May habe Juncker erläutert, warum das Parlament eine rechtlich verbindliche Änderung des Backstops wolle, hieß es in der Erklärung. Die Premierministerin habe verschiedene Optionen dargelegt, mit diesen Bedenken umzugehen. Juncker habe jedoch bekräftigt, dass die übrigen 27 EU-Staaten das Austrittsabkommen nicht mehr aufmachen würden.

Die EU dringt auf eine andere Lösung: May soll ihren Widerstand gegen eine dauerhafte Zollunion und eine Anbindung an den EU-Binnenmarkt nach dem Brexit aufgeben. Unter diesen Umständen könnte die irische Grenze offen bleiben, und der Backstop würde nie gebraucht. Dies könnte ohne Änderung des eigentlichen Abkommens in einer politischen Erklärung festgeschrieben werden. Diese Linie verfolgte Juncker der Erklärung zufolge auch im Gespräch mit May.

Bundeskanzlerin Merkel bekräftigte in Bratislava, dass aus ihrer Sicht eine Einigung ohne Öffnung des Austrittsabkommens möglich sei. Man wolle alles tun, was möglich sei, um einen geordneten Brexit zu erreichen. Dabei müsse die EU auf die Integrität ihres Binnenmarktes achten und ihr Mitglied Irland schützen.

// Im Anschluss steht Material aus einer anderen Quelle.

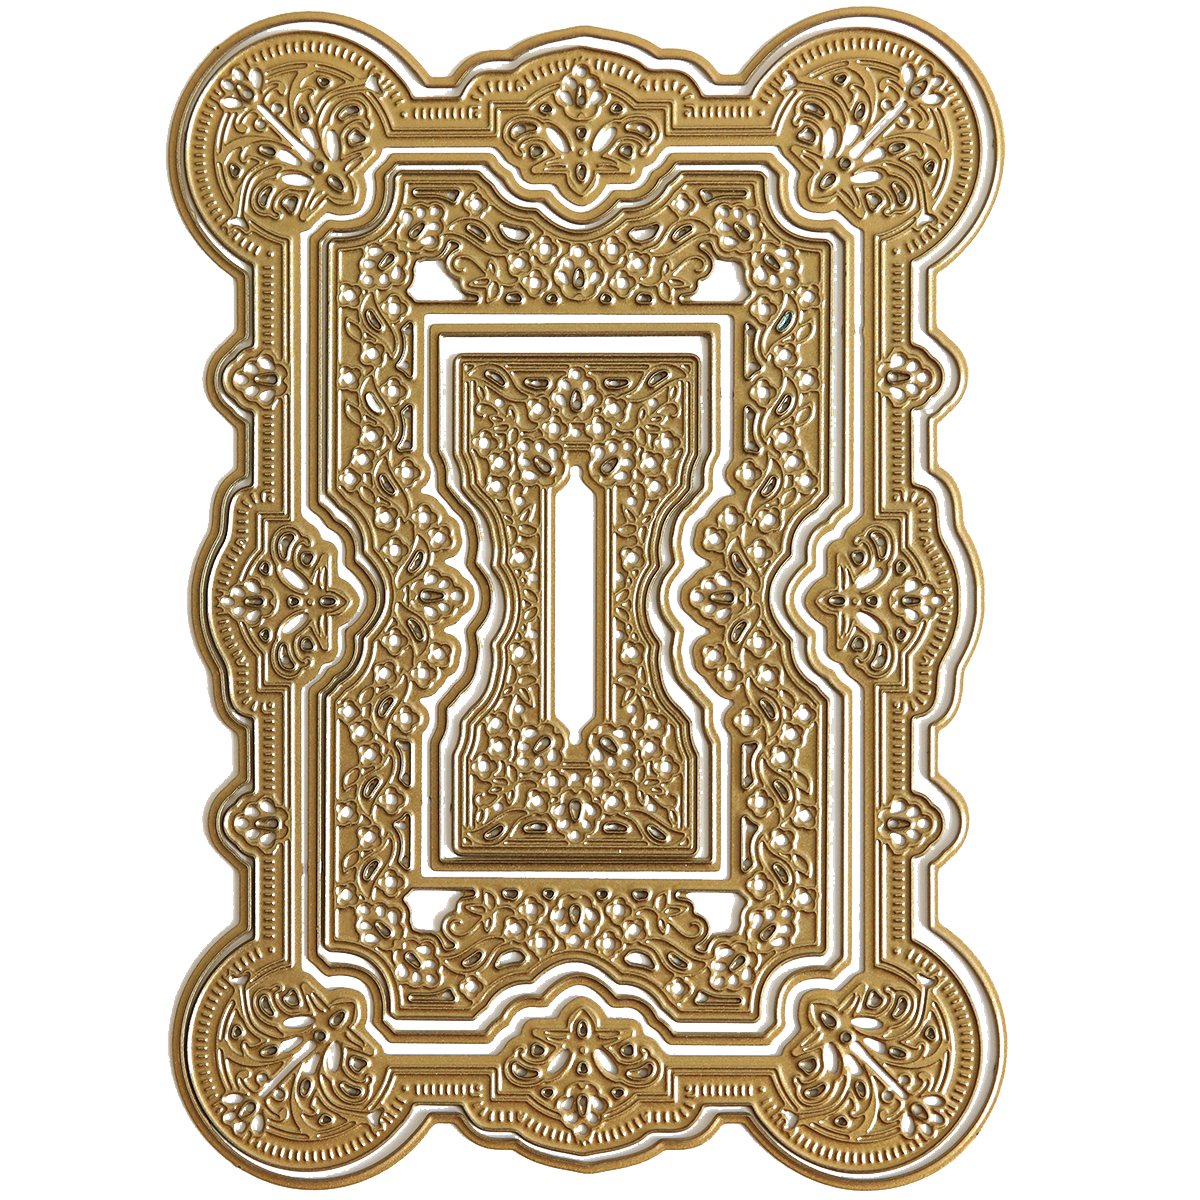 An ornate gold light switch plate with a Victorian Christmas Dies design.

May will sich auf Zollunion und Anbindung an den Binnenmarkt bisher nicht einlassen. Der britische Oppositionsführer Jeremy Corbyn sprach sich jedoch genau für eine solche Lösung aus und stellte in dem Fall die Unterstützung seiner Labour-Partei für Mays Brexit in Aussicht. Damit dürfte der Druck auf May wachsen, ihre Position zu überdenken.

„Wir glauben, dass eine Zollunion notwendig ist, um den reibungslosen Handel zu gewährleisten, den unsere Unternehmen, Arbeitnehmer und Verbraucher benötigen“, erklärte Corbyn in einem Brief an May. „Sie ist der einzige gangbare Weg, um sicherzustellen, dass es auf der irischen Insel keine harte Grenze gibt.“

Das Brexit-Abkommen regelt die Bedingungen der Trennung. Vor allem aber verspricht es eine Übergangsfrist bis mindestens Ende 2020, in der sich praktisch nichts ändern soll. Ohne Vertrag entfiele dies. Befürchtet werden wirtschaftliche Verwerfungen und Unsicherheit für Millionen Bürger.